Problem statement: Copy nothing but the lines below, from the one with "ZIMONDA Electric Mountain" through the one with "Touch-sensitive display device", exactly as written; no pictures should appear.

Records for this task:
- - -
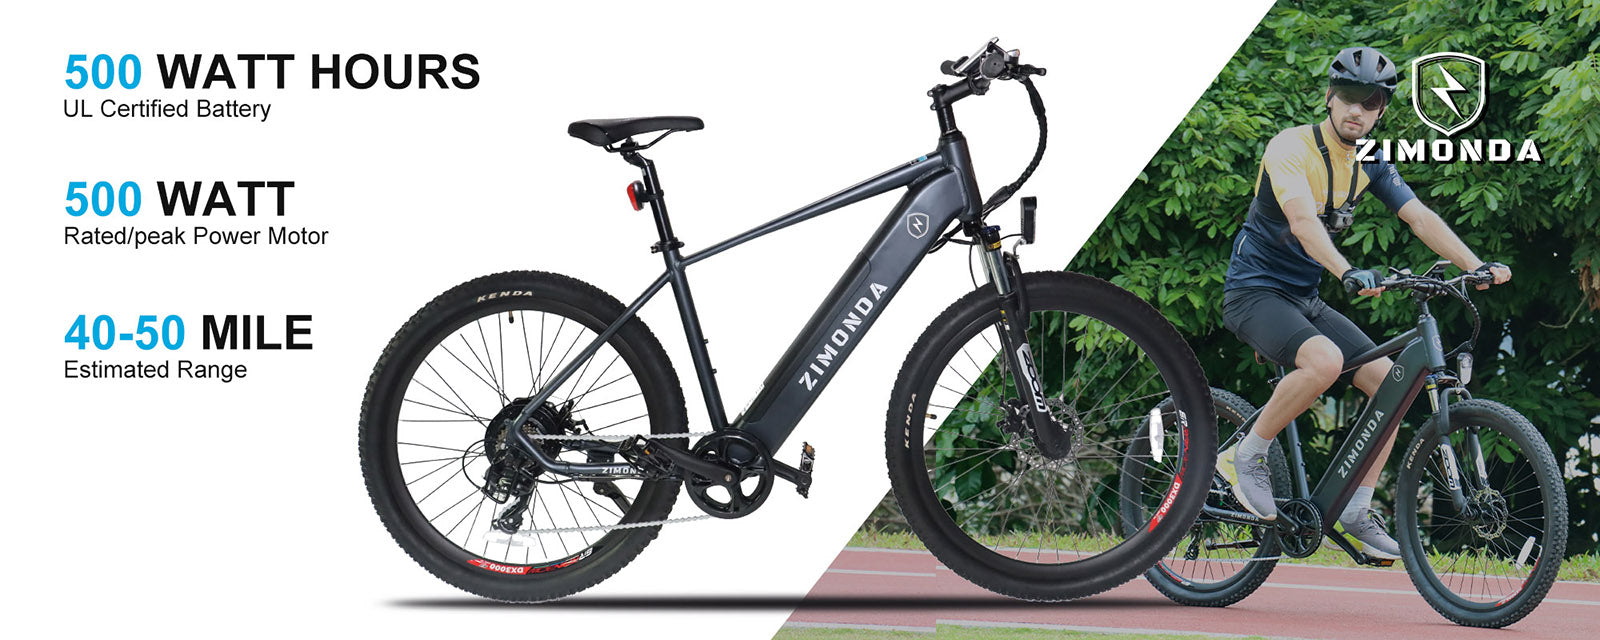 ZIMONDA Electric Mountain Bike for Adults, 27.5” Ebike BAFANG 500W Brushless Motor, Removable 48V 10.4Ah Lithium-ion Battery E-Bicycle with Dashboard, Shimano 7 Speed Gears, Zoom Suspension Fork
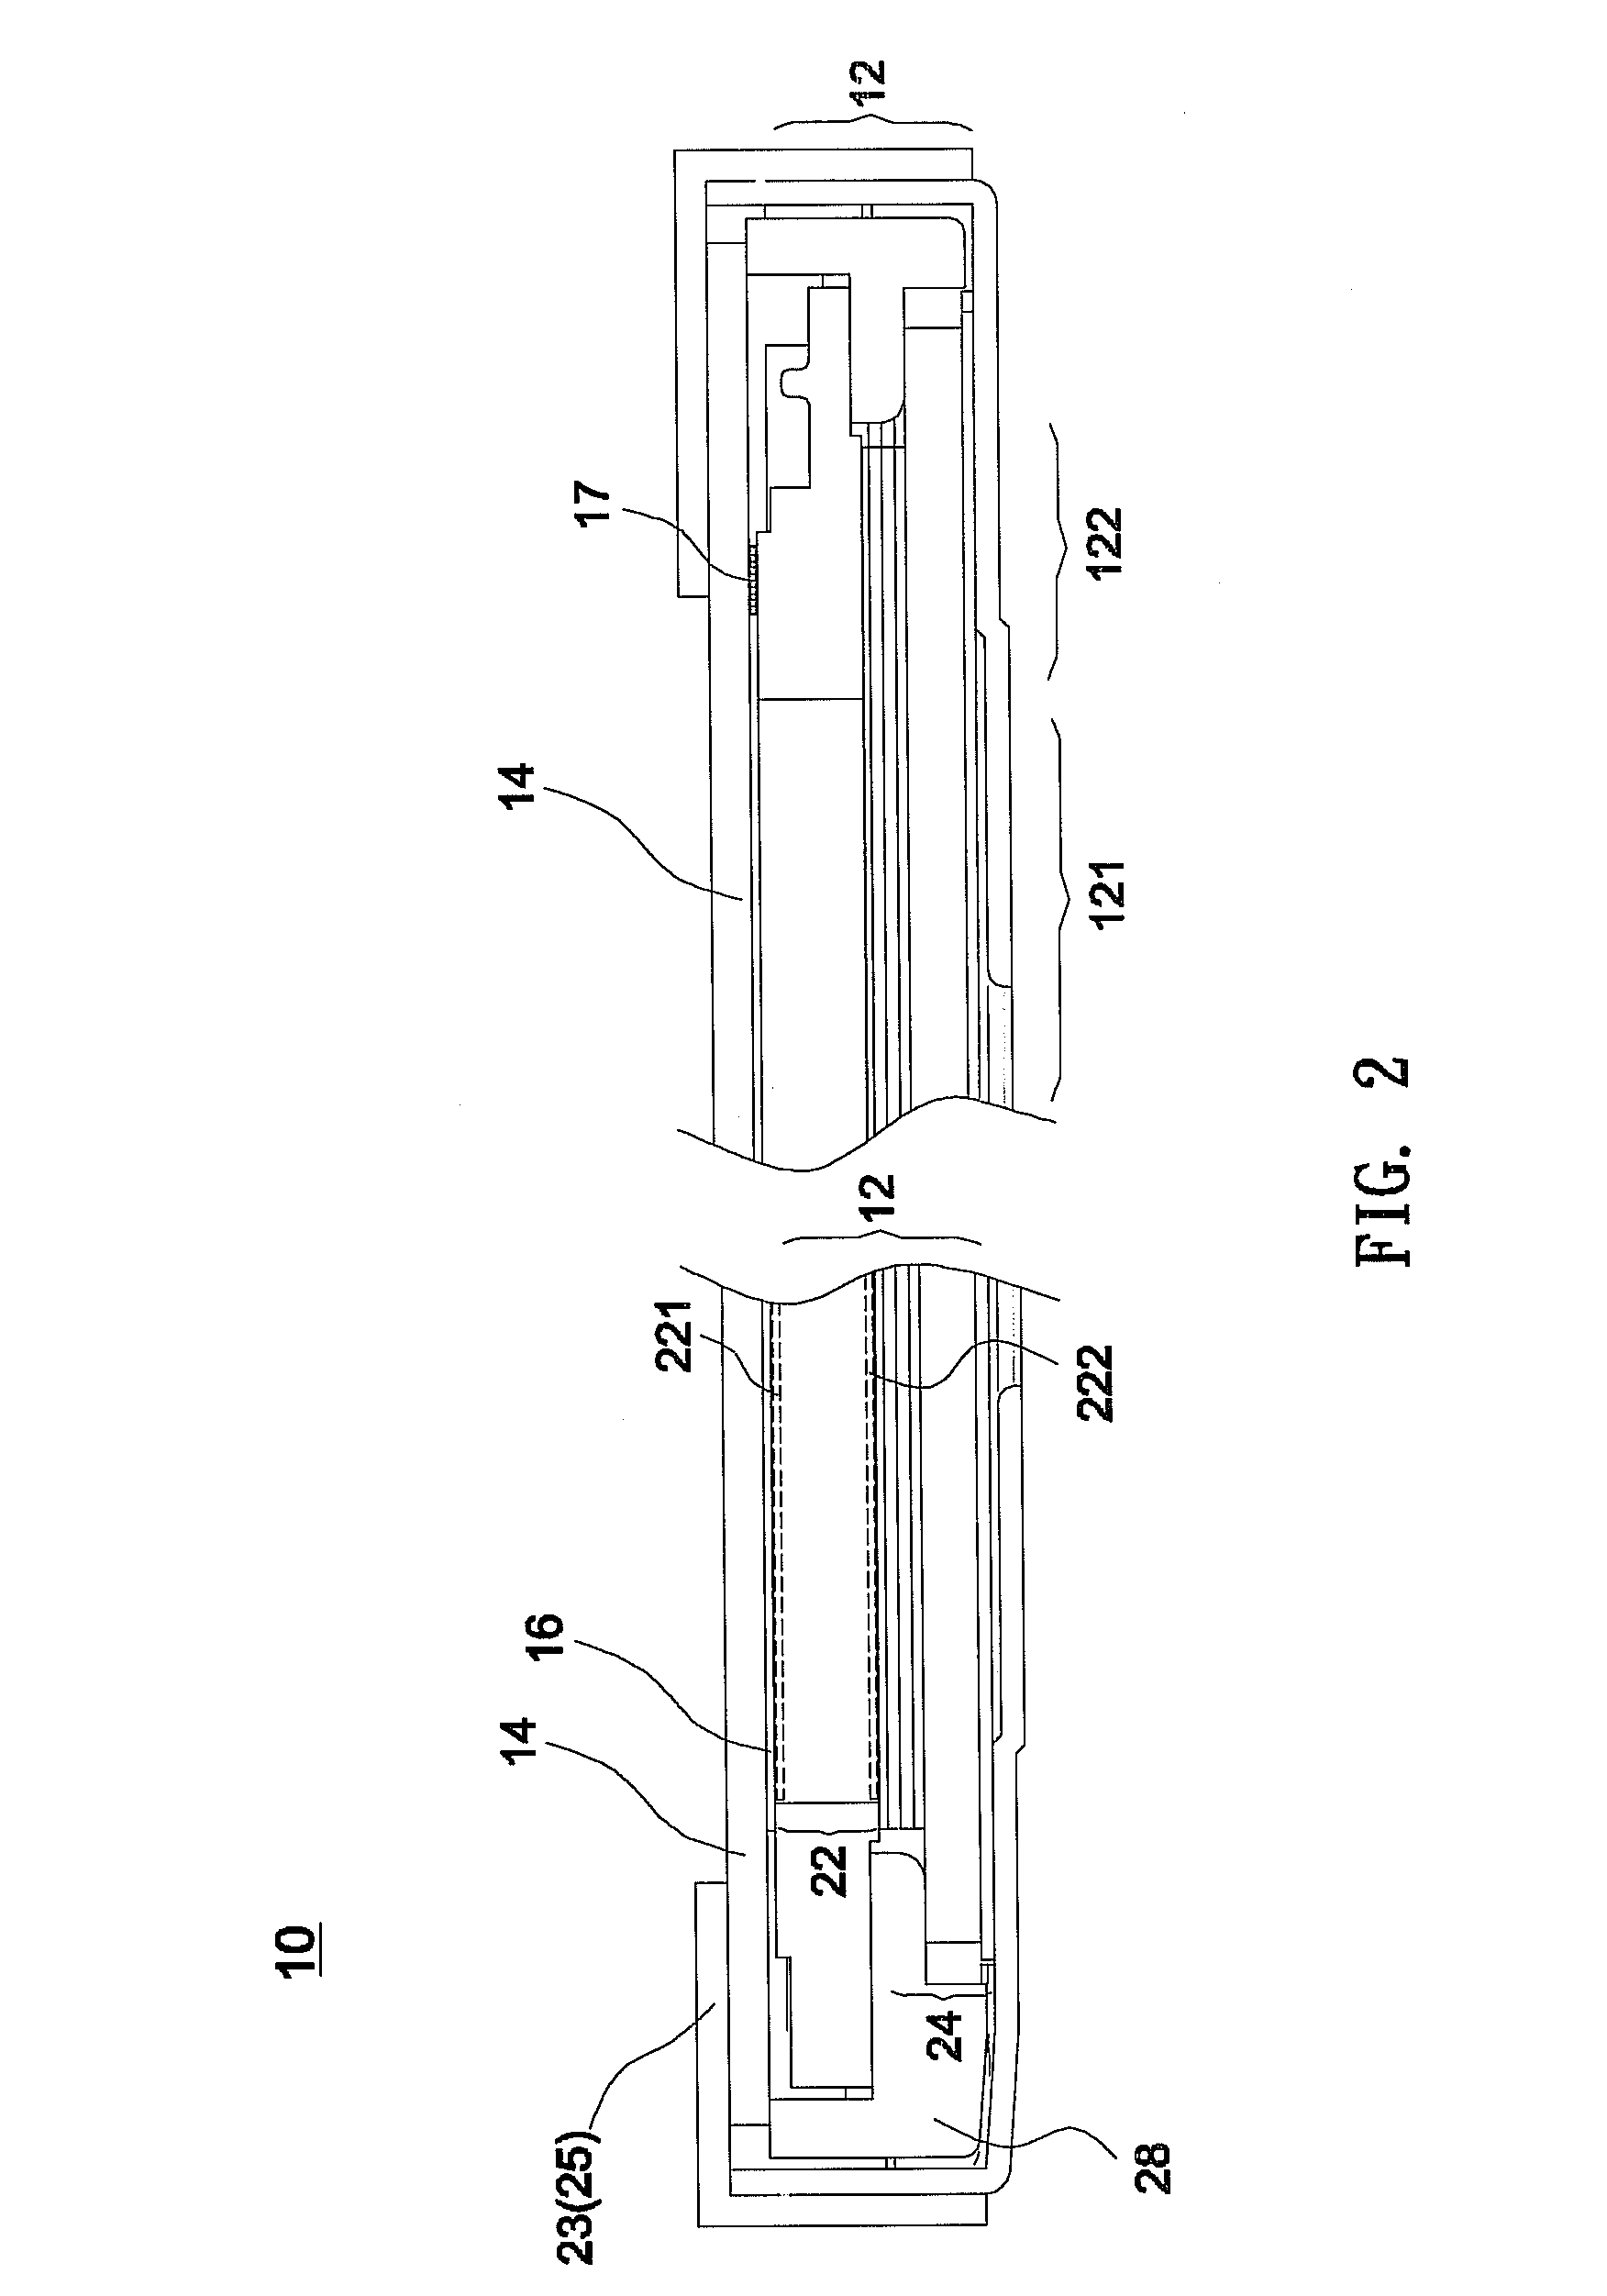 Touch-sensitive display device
- - -
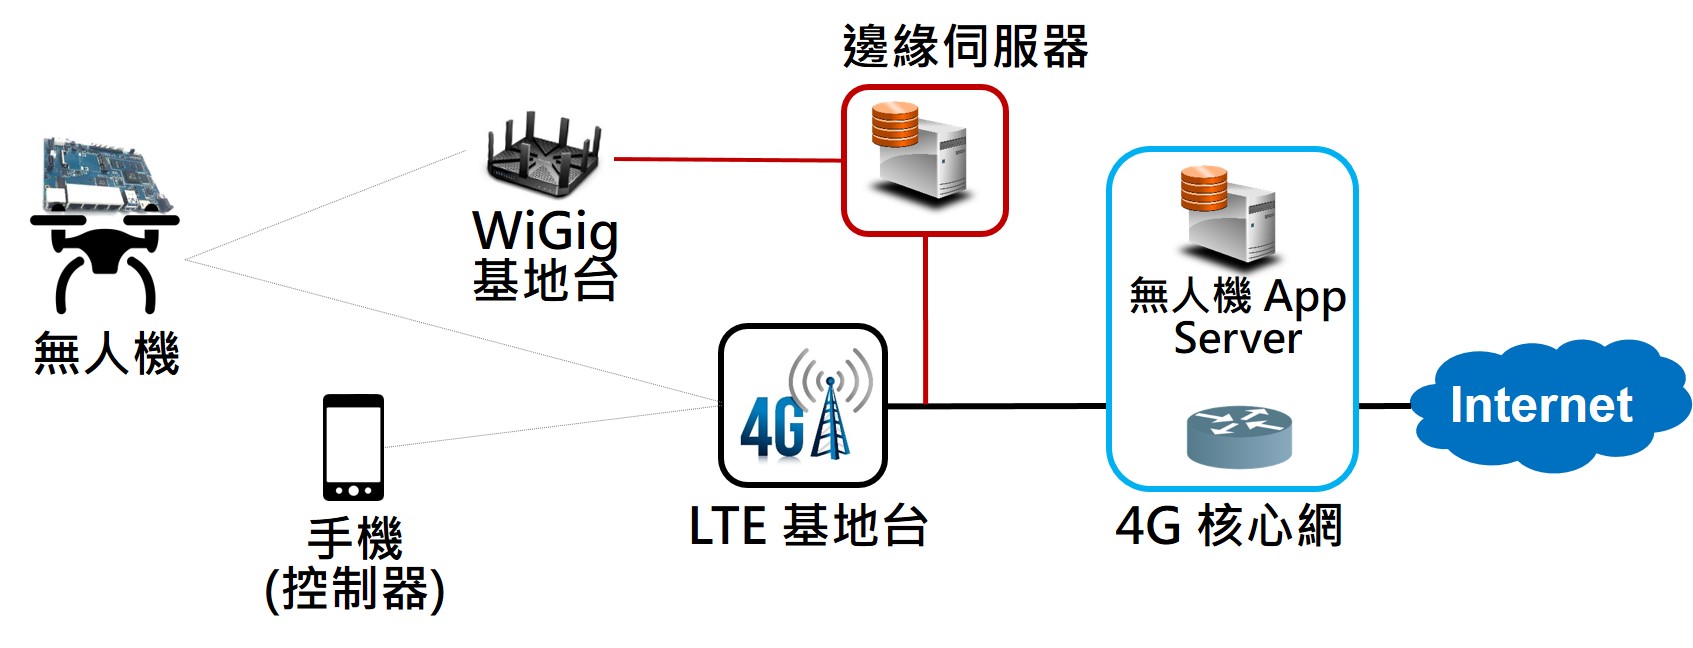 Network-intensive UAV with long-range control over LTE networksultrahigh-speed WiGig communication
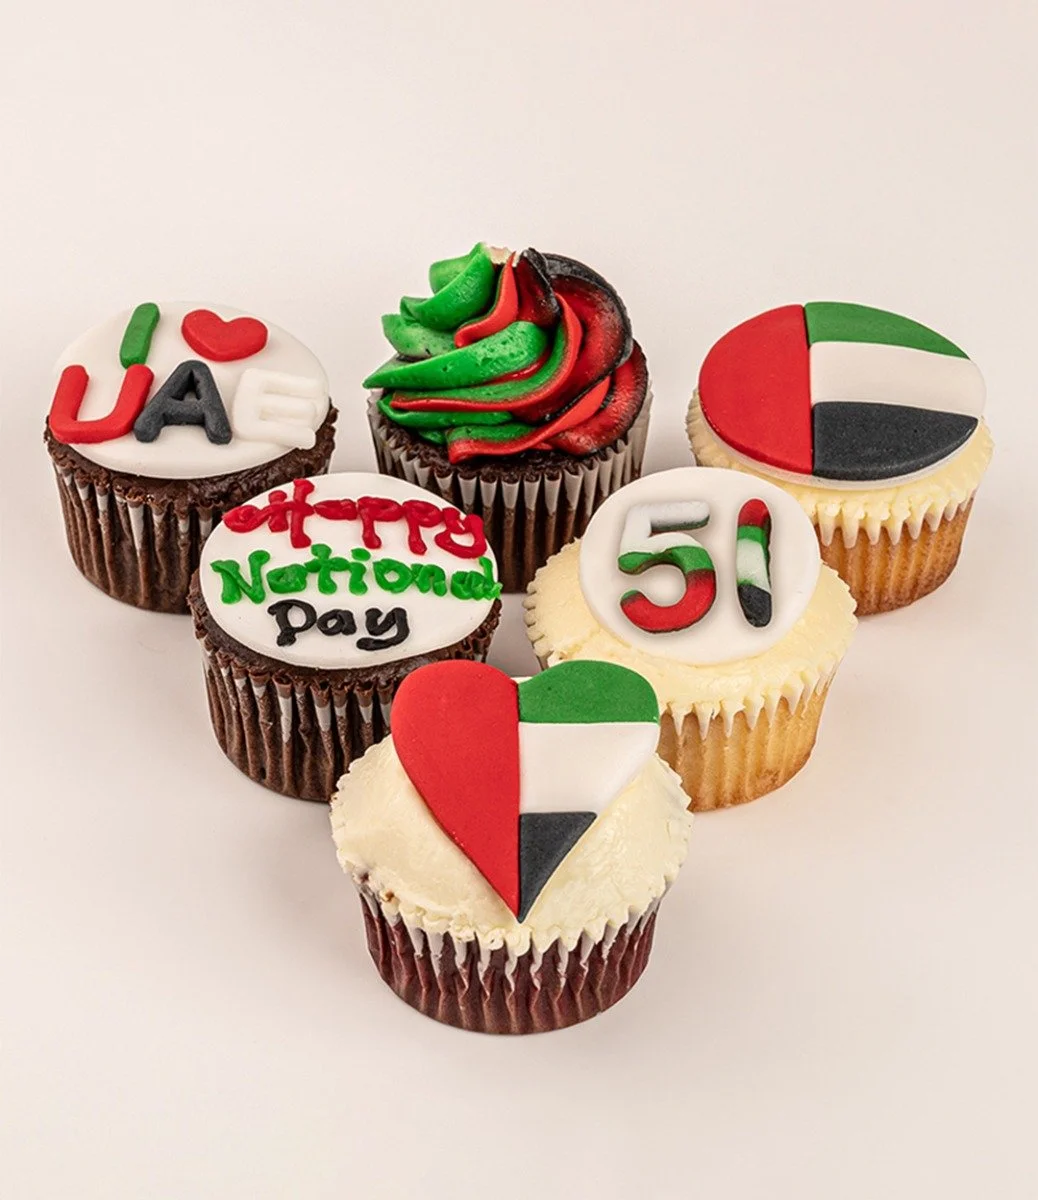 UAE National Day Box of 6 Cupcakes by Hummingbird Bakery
- - -
Result below:
 ZIMONDA Electric Mountain Bike for Adults, 27.5” Ebike BAFANG 500W Brushless Motor, Removable 48V 10.4Ah Lithium-ion Battery E-Bicycle with Dashboard, Shimano 7 Speed Gears, Zoom Suspension Fork
 Touch-sensitive display device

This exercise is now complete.